Paris, Éd. Odile Jacob, 2015, 281 p. ISBN 978-2-7381-6480-2. 23,90 €
Cet ouvrage vient à la suite d’autres livres d’entretiens entre responsables juifs et chrétiens publiés
aussi bien en France qu’à l’étranger ces dernières décennies. Il est intéressant d’emblée de montrer
en quoi celui-ci s’en distingue.
En 2010, le Cardinal J. Bergoglio et son ami Rabbin, A. Skorka, publièrent un livre d’entretiens paru
en Argentine, et traduit en 2013 en français sous le titre : Sur la terre comme au ciel[1]. On est là
dans ce que j’appellerais une théologie en actes ; nous sommes entraînés dans un mouvement qui
veut rejoindre, au nom de la Torah et des Évangiles, avant tout le frère, qu’il soit juif, chrétien ou
autre. Et j’ajouterai qu’avec des actes et des gestes concrets, le pontificat de François n’est venu
que confirmer et amplifier ce qu’ils avaient déjà posé ensemble à Buenos Aires comme amis et
complices.
En ce qui concerne la France, au moins trois livres témoignent déjà d’un dialogue quasi
institutionnel. Dès 1977, Pierre Pierrard, qui deviendra plus tard Président de l’A.J.-C.F., à l’époque
Professeur d’histoire contemporaine à l’Institut Catholique de Paris, mena un dialogue effectivement
d’historien avec le Grand Rabbin de France, Jacob Kaplan[2]. Ensuite, nous avons tous en mémoire
l’ouvrage intitulé Le Rabbin et le Cardinal, qui mettait en confrontation amicale le Grand Rabbin
Bernheim et le Cardinal Barbarin[3]. Plus récemment, il faut encore mentionner les entretiens du
Pasteur Clavairoly (aujourd’hui Président de la Fédération Protestante de France) avec le Grand
Rabbin Korsia (actuel Grand Rabbin de France)[4].

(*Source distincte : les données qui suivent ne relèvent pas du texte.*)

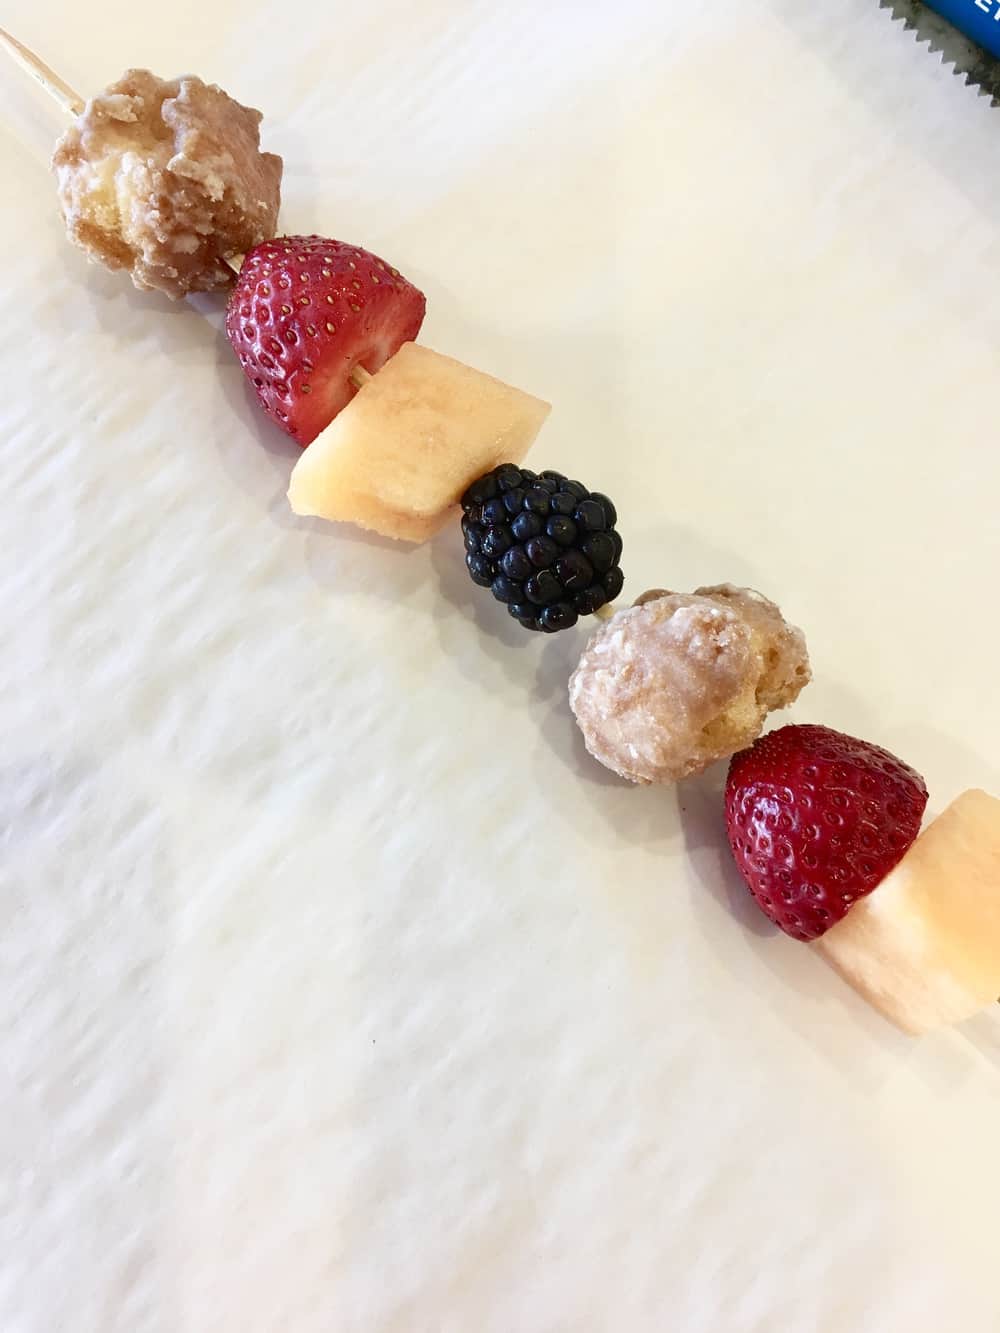 Donut and Fruit Skewers Kabobs are an easy recipe to serve at Baby Showers or Bridal Showers. Great as an after school snack too or kids birthday parties. #donut #fruit #skewer #babyshowerfood #bridalshowerfood #easyrecipe #dessert #appetizer #simpledish #footballfood #afterschoolsnack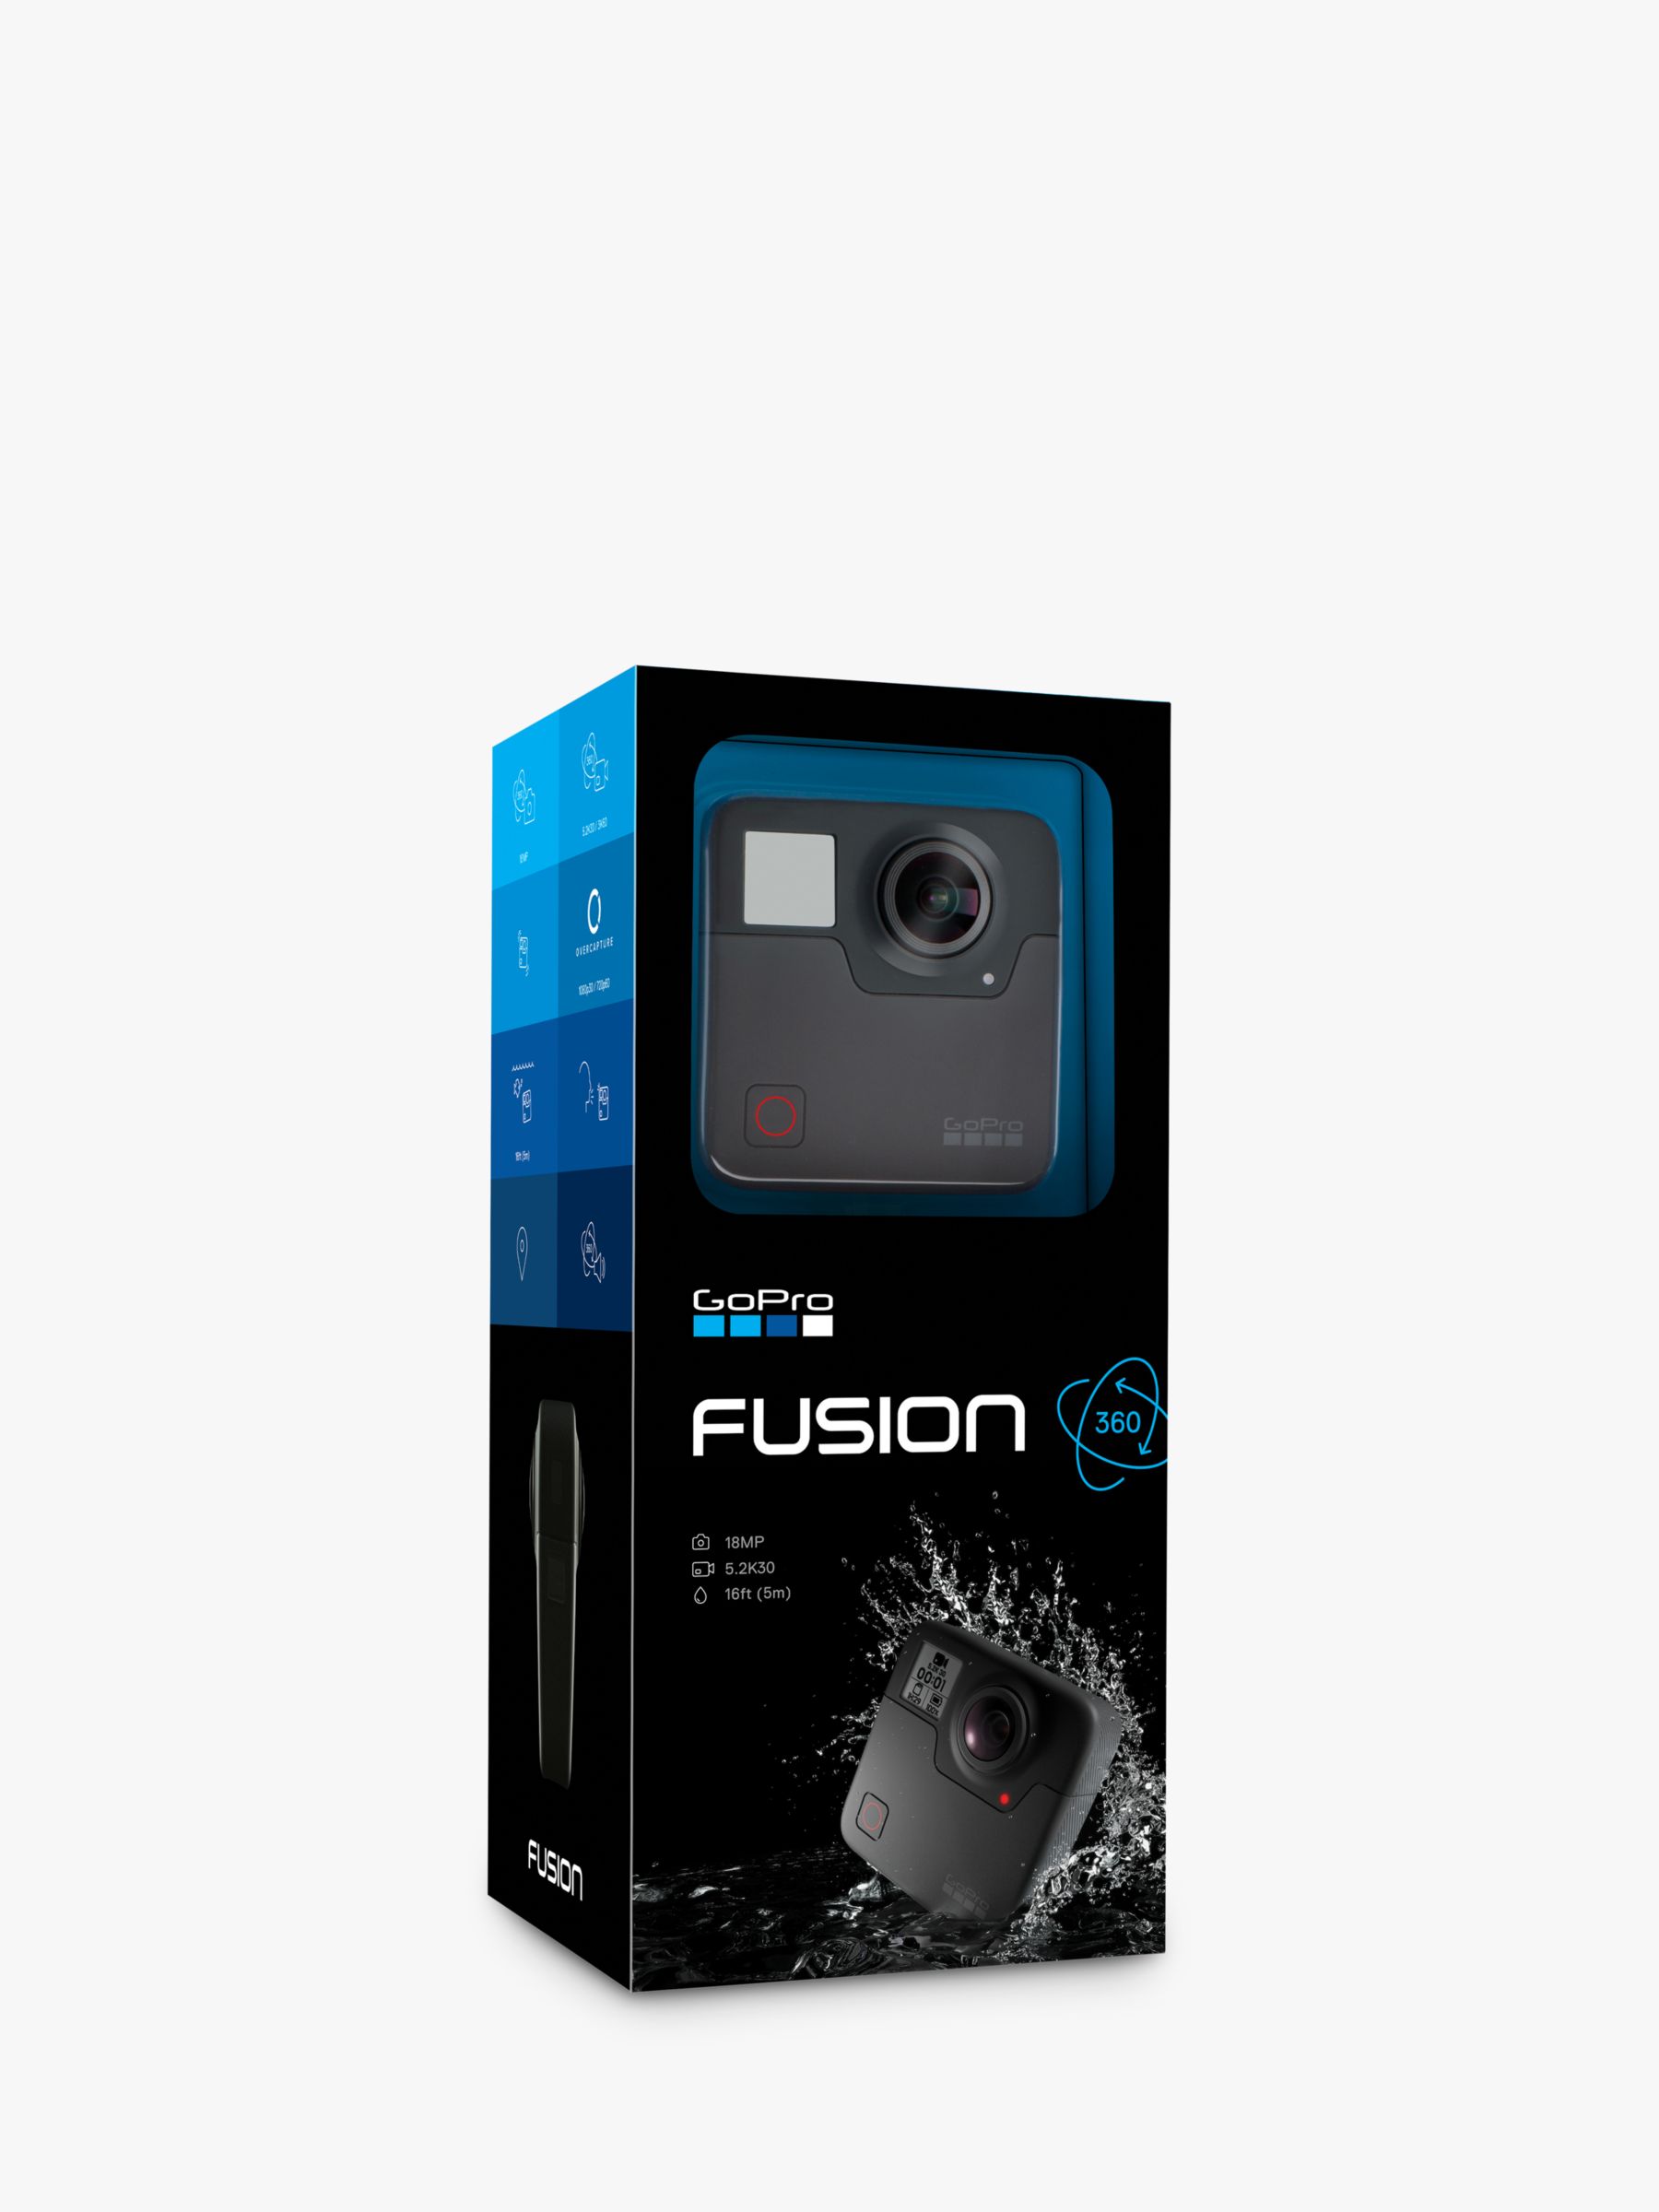 GoPro Fusion Action Camcorder, 360° Recording, 5.2K Resolution, Wi-Fi, Bluetooth, Waterproof, GPS

Dans le présent livre de dialogue entre Mgr Pierre d’Ornellas, Archevêque de Rennes et Jean-François
Bensahel, Président de l’Union libérale israélite de la synagogue de la rue Copernic (Paris), ce qui
frappe d’emblée c’est la prise en compte, comme réalité fondamentale, de l’élection d’Israël, cœur
du Judaïsme, élection en partage, foyer central qui irradie vers les Nations, vers le Christianisme, fils
cadet de la Promesse.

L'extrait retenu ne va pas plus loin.